# Sushi skills



## dragnlaw (Dec 28, 2019)

Influenced by Kayelle's thread and dropping down the rabbit hole... 

old time sushi knife skills

smiled during the whole thing


----------



## taxlady (Dec 28, 2019)

Neato


----------



## Kayelle (Dec 28, 2019)

Holy cow!!! Just fascinating. You're not kidding about going down the rabbit hole...I've spent a couple hours watching this and other video's. The skill and imagination are mind boggling.


----------



## dragnlaw (Dec 28, 2019)

yup, I'll even watch it again.  Loved the sailboat (melon), penguin/bird (apple), was there a butterfly?  I know in another one there was a dragonfly.  

But peeling the daikon and cucumber - tarnation!  wonder how long it takes to master that thin slice!


----------



## taxlady (Dec 28, 2019)

dragnlaw said:


> yup, I'll even watch it again.  Loved the sailboat (melon), penguin/bird (apple), was there a butterfly?  I know in another one there was a dragonfly.
> 
> But peeling the daikon and cucumber - tarnation!  wonder how long it takes to master that thin slice!

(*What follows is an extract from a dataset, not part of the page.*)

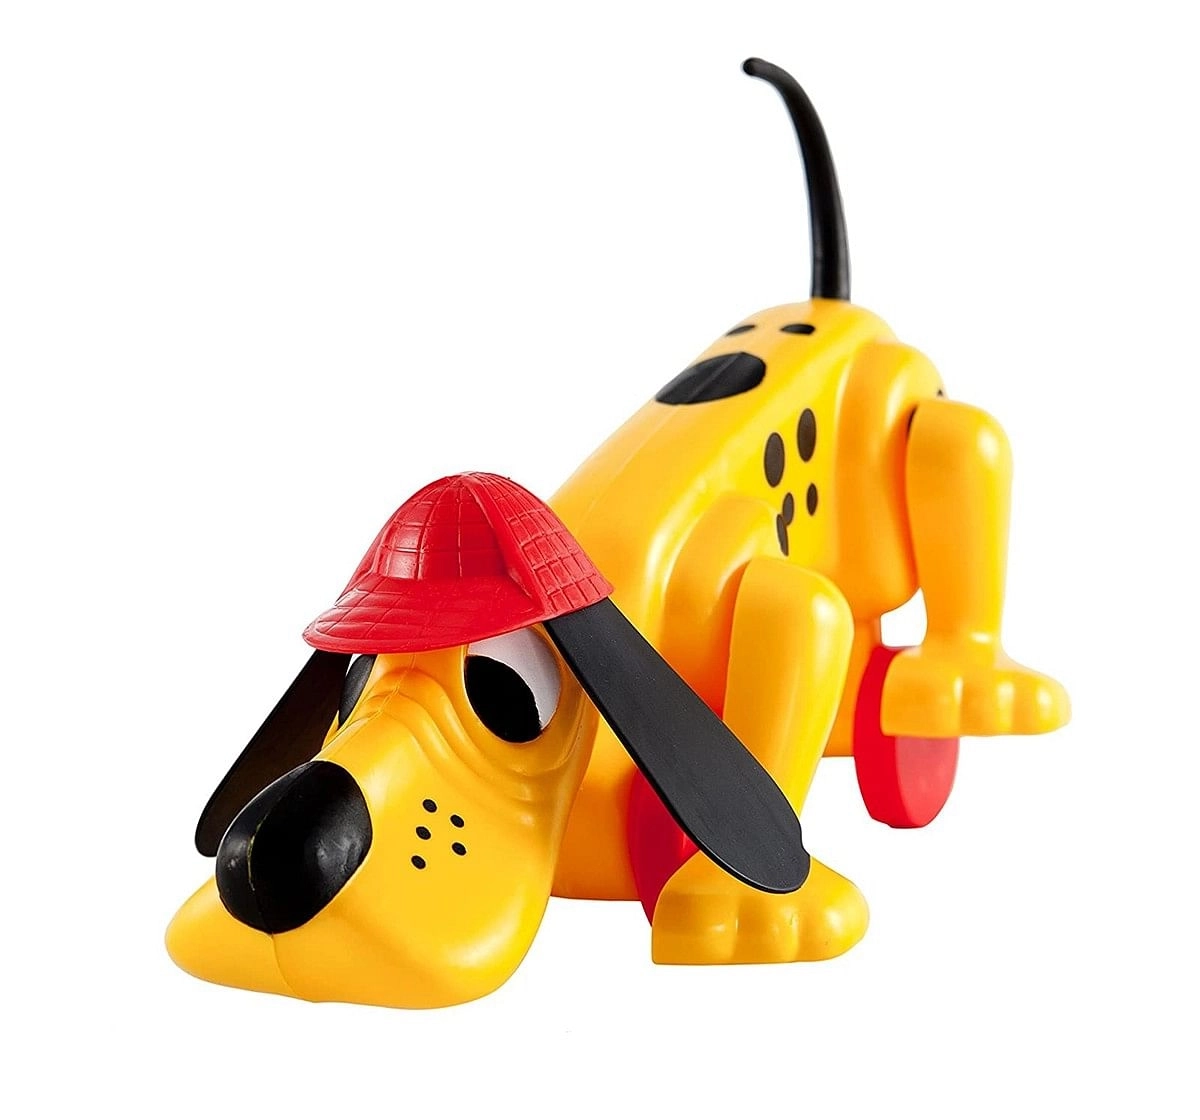 Giggles Digger The Dog Activity Toys for Kids age 12M+ (Yellow)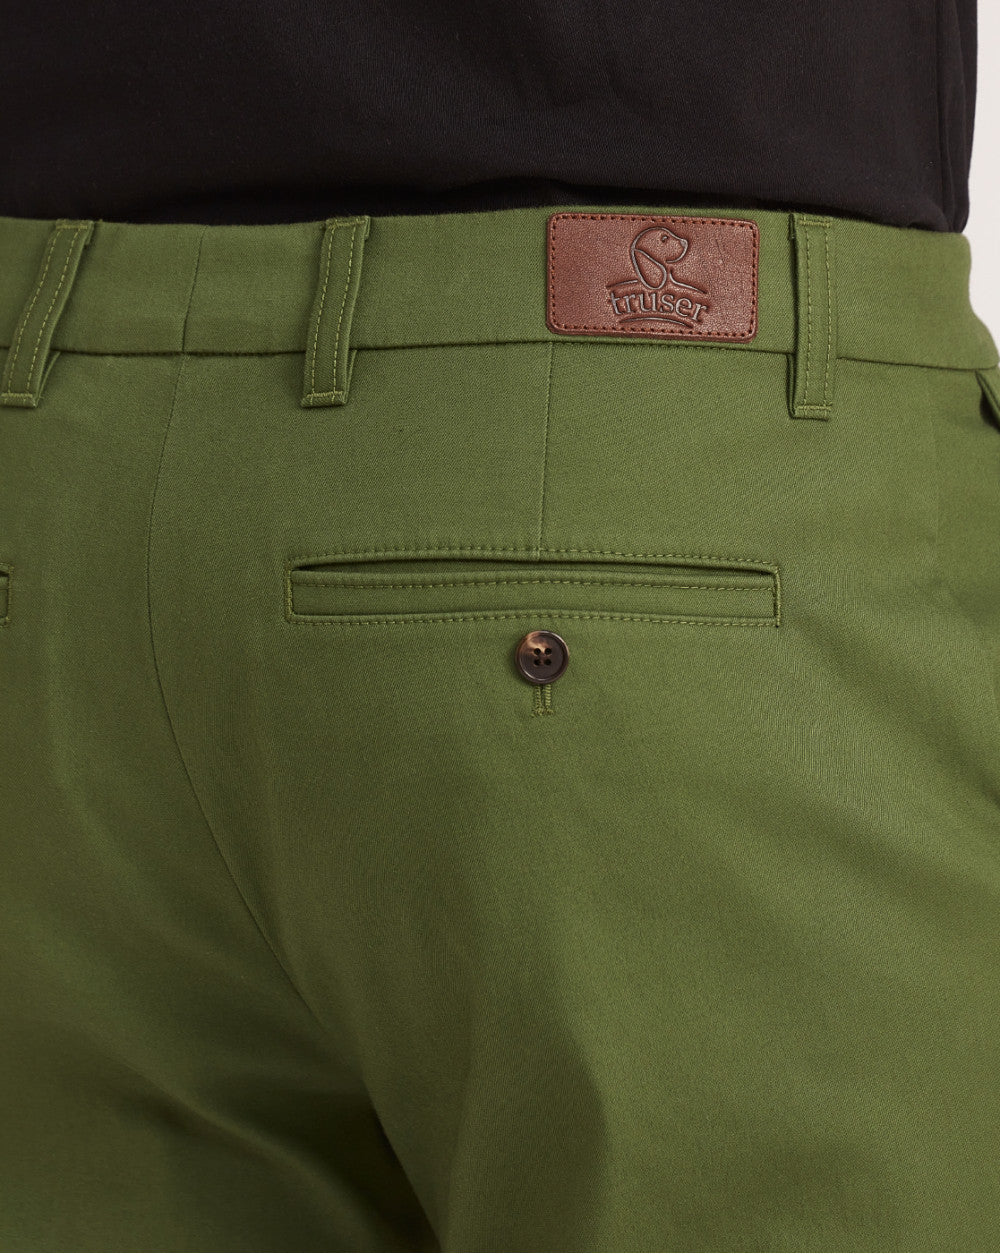 Regular Fit Fit Luxe Chinos - Chive Green

This one had both a butterfly and a dragonfly. I was more impressed with the dragonfly.


----------



## pepperhead212 (Dec 29, 2019)

Stupid me - I started watching this at 1:30 am, and couldn't stop!  Amazing how they do those things.  That dragonfly - well, all of it,  was a real work of art.  I'll have to watch those other videos sometime, starting earlier!


----------